Of the methods available to study systems of colloidal particles, those based on scattering and on transport properties measurements have proved to be very useful. At the limit of infinite dilution the data of these techniques depend only on the geometry of the individual particles. On the other hand, for more concentrated systems, the data interpretation becomes complicated because of particle correlation. Normally information on size and shape of colloidal particles are extracted by extrapolating to infinite dilution the experimental data. However this extrapolation is impossible in ionic micelle solutions since these micelles grow by varying either amphiphile concentration or ionic strength. A comparative analysis of scattering and/or diffusion coefficient measurements offers a useful method to quantify the particle correlation effect on these techniques. In this way reliable micelle hydrodynamic radii and information on particle interaction potential are obtained without extrapolating the data to infinite dilution.

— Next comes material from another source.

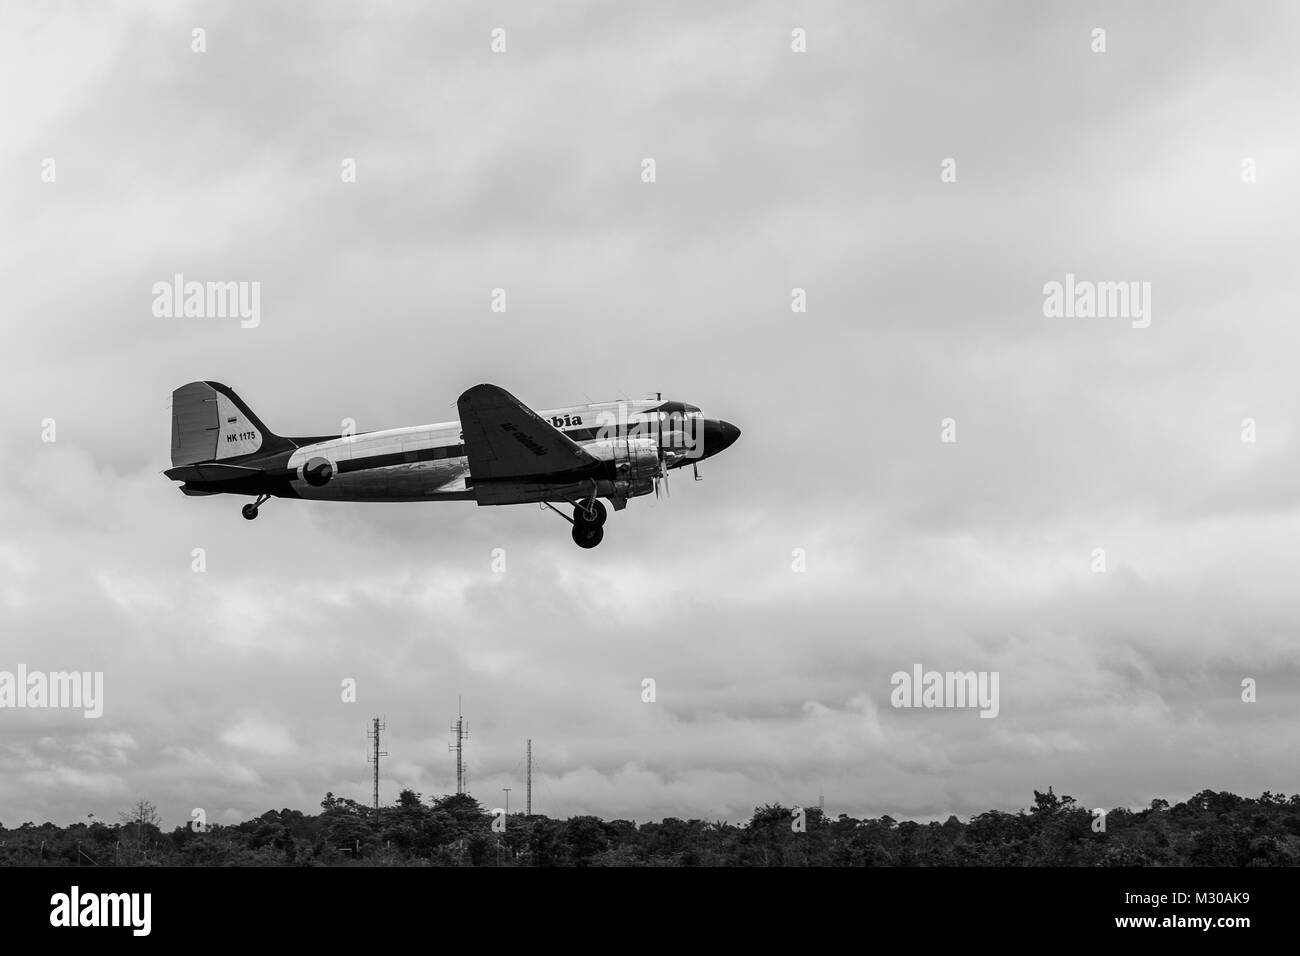 A Douglas DC-3 aircraft is seen landing at the airport of Puerto Inírida, Colombia. Stock Photo

In this frame an approach based on the integrated study of Dynamic Light Scattering (DLS), 1H-Pulse-Gradient-Spin-Echo NMR (PGSE-NMR) and Small Angle X-Ray Scattering (SAXS) data was tested on some bile salt micellar solutions. Solutions at different ionic strength were analyzed. Different models to represent the intermicellar interactions were used. Approximate equations and Monte Carlo simulations were applied to estimate the particle correlation effect on scattering and diffusivity measurements. Reliable information on micellar geometries was obtained. A check of the validity of the models was performed by discussing the SAXS, DLS and PGSE-NMR data agreement.